Sharma Anjney, Song Xiu-Peng, Singh Rajesh Kumar, Vaishnav Anukool, Gupta Saurabh, Singh Pratiksha, Guo Dao-Jun, Verma Krishan K, Li Yang-Rui
Key Laboratory of Sugarcane Biotechnology and Genetic Improvement (Guangxi), Ministry of Agriculture, Sugarcane Research Center, Chinese Academy of Agricultural Sciences, Guangxi Academy of Agricultural Sciences (GXAAS), Nanning, Guangxi, China.

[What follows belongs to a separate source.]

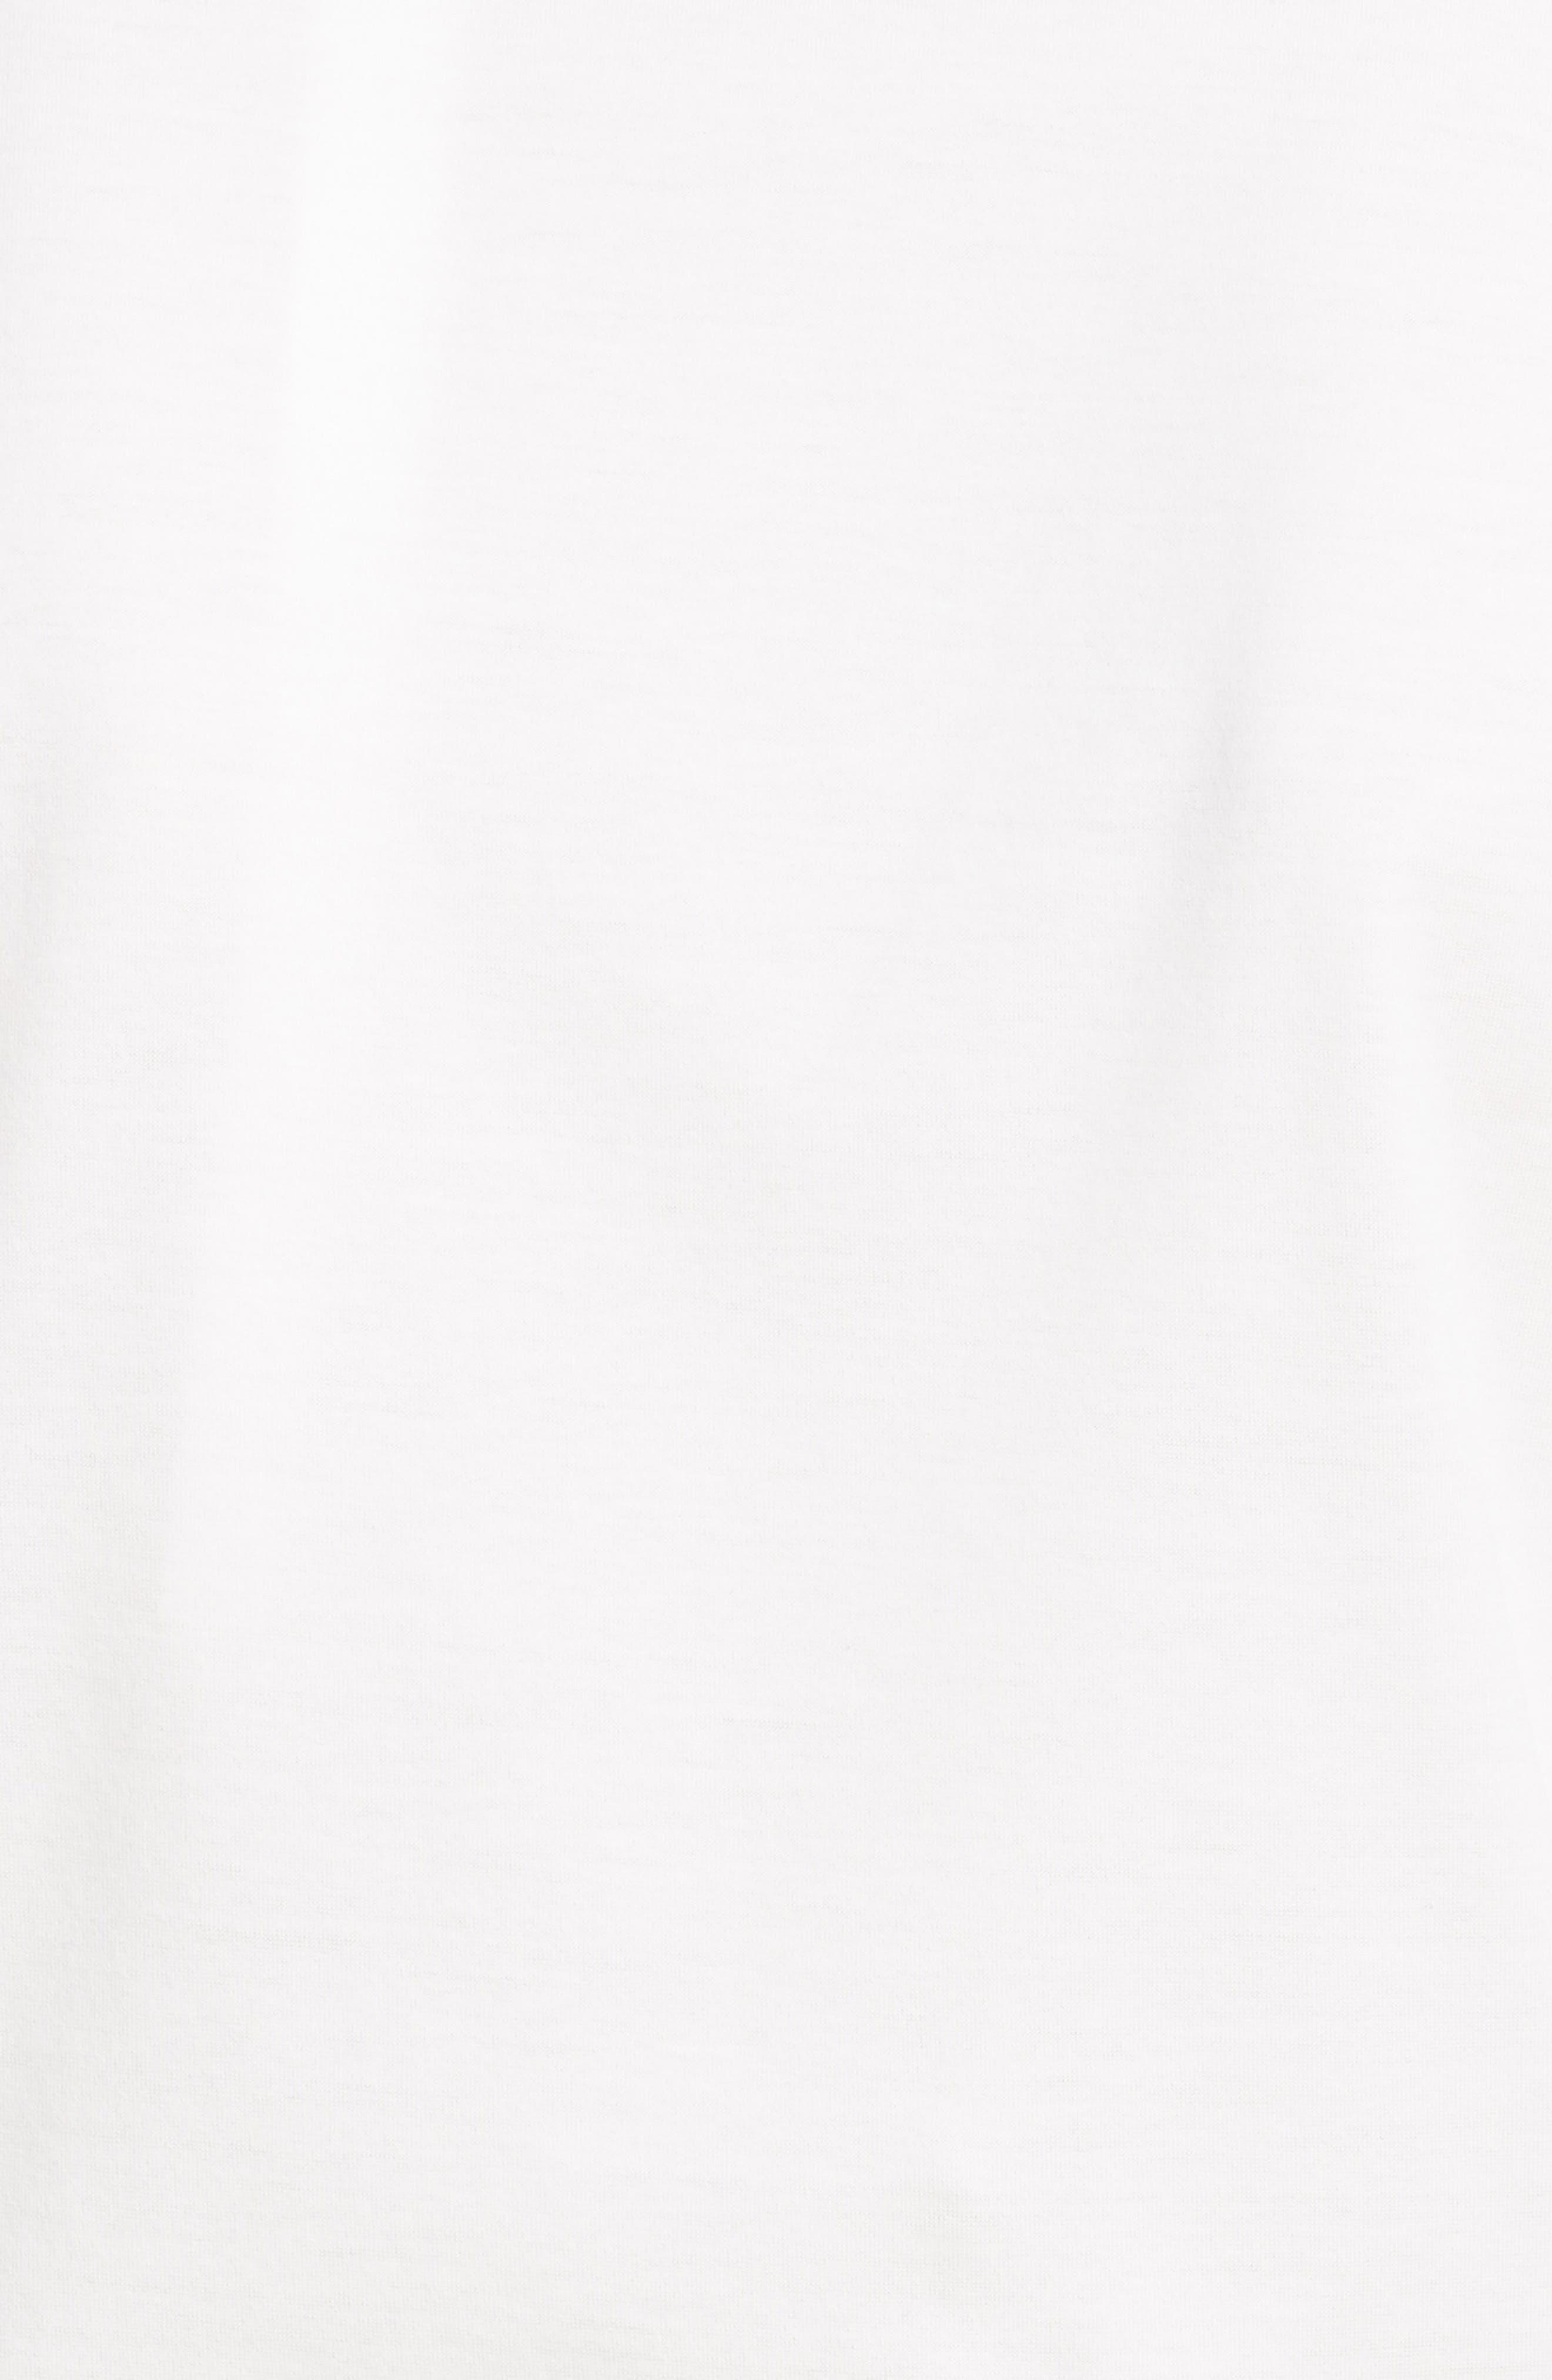 MONCLER GENIUS BY MONCLER, x 4 Simone Rocha Imitation Pearl Embellished Tee, Alternate thumbnail 5, color, WHITE

Guangxi Key Laboratory of Sugarcane Genetic Improvement, Sugarcane Research Institute, Guangxi Academy of Agricultural Sciences (GXAAS), Nanning, Guangxi, China.
Front Microbiol. 2022 Dec 20;13:1005942. doi: 10.3389/fmicb.2022.1005942. eCollection 2022.
Agrochemicals are consistently used in agricultural practices to protect plants from pathogens and ensure high crop production. However, their overconsumption and irregular use cause adverse impacts on soil flora and non-target beneficial microorganisms, ultimately causing a hazard to the ecosystem. Taking this into account, the present study was conducted to determine the high dosage of fungicide (carbendazim: CBZM) effects on the rhizobacteria survival, plant growth promoting trait and reactive oxygen species (ROS) scavenging antioxidant enzyme system. Thus, a multifarious plant growth promoting rhizobacteria (PGPR) isolate, ANCB-12, was obtained from the sugarcane rhizosphere through an enrichment technique. The taxonomic position of the isolated rhizobacteria was confirmed through 16S rRNA gene sequencing analysis as ANCB-12 (accession no. ON878101). Results showed that increasing concentrations of fungicide showed adverse effects on rhizobacterial cell growth and survival. In addition, cell visualization under a confocal laser scanning microscope (CLSM) revealed more oxidative stress damage in the form of ROS generation and cell membrane permeability. Furthermore, the increasing dose of CBZM gradually decreased the plant growth promoting activities of the rhizobacteria ANCB-12. For example, CBZM at a maximum 3,000 μg/ml concentration decreases the indole acetic acid (IAA) production by 91.6%, ACC deaminase by 92.3%, and siderophore production by 94.1%, respectively. Similarly, higher dose of fungicide enhanced the ROS toxicity by significantly ( < 0.05) modulating the stress-related antioxidant enzymatic biomarkers in ANCB-12. At a maximum 3,000 μg/ml CBZM concentration, the activity of superoxide dismutase (SOD) declined by 82.3%, catalase (CAT) by 61.4%, glutathione peroxidase (GPX) by 76.1%, and glutathione reductase (GR) by 84.8%, respectively. The results of this study showed that higher doses of the fungicide carbendazim are toxic to the cells of plant-beneficial rhizobacteria. This suggests that a recommended dose of fungicide should be made to lessen its harmful effects.
农用化学品在农业生产中持续被用于保护植物免受病原体侵害并确保作物高产。然而,其过度使用和不当使用会对土壤微生物群落和非靶标有益微生物产生不利影响,最终对生态系统造成危害。考虑到这一点,本研究旨在确定高剂量杀菌剂(多菌灵:CBZM)对根际细菌存活、促进植物生长特性以及活性氧(ROS)清除抗氧化酶系统的影响。因此,通过富集技术从甘蔗根际获得了一种具有多种促进植物生长功能的根际细菌(PGPR)分离株ANCB - 12。通过16S rRNA基因测序分析确定分离出的根际细菌分类地位为ANCB - 12(登录号ON878101)。结果表明,杀菌剂浓度增加对根际细菌细胞生长和存活产生不利影响。此外,共聚焦激光扫描显微镜(CLSM)下的细胞可视化显示,以ROS产生和细胞膜通透性形式存在更多氧化应激损伤。此外,CBZM剂量增加逐渐降低根际细菌ANCB - 12的植物生长促进活性。例如,最高浓度为3000μg/ml的CBZM分别使吲哚乙酸(IAA)产量降低91.6%,ACC脱氨酶降低92.3%,铁载体产量降低94.1%。同样,较高剂量的杀菌剂通过显著(<0.05)调节ANCB - 12中与应激相关的抗氧化酶生物标志物增强了ROS毒性。在最高3000μg/ml的CBZM浓度下,超氧化物歧化酶(SOD)活性分别下降82.3%,过氧化氢酶(CAT)下降61.4%,谷胱甘肽过氧化物酶(GPX)下降76.1%,谷胱甘肽还原酶(GR)下降84.8%。本研究结果表明,高剂量的杀菌剂多菌灵对植物有益根际细菌细胞有毒性。这表明应制定推荐的杀菌剂剂量以减轻其有害影响。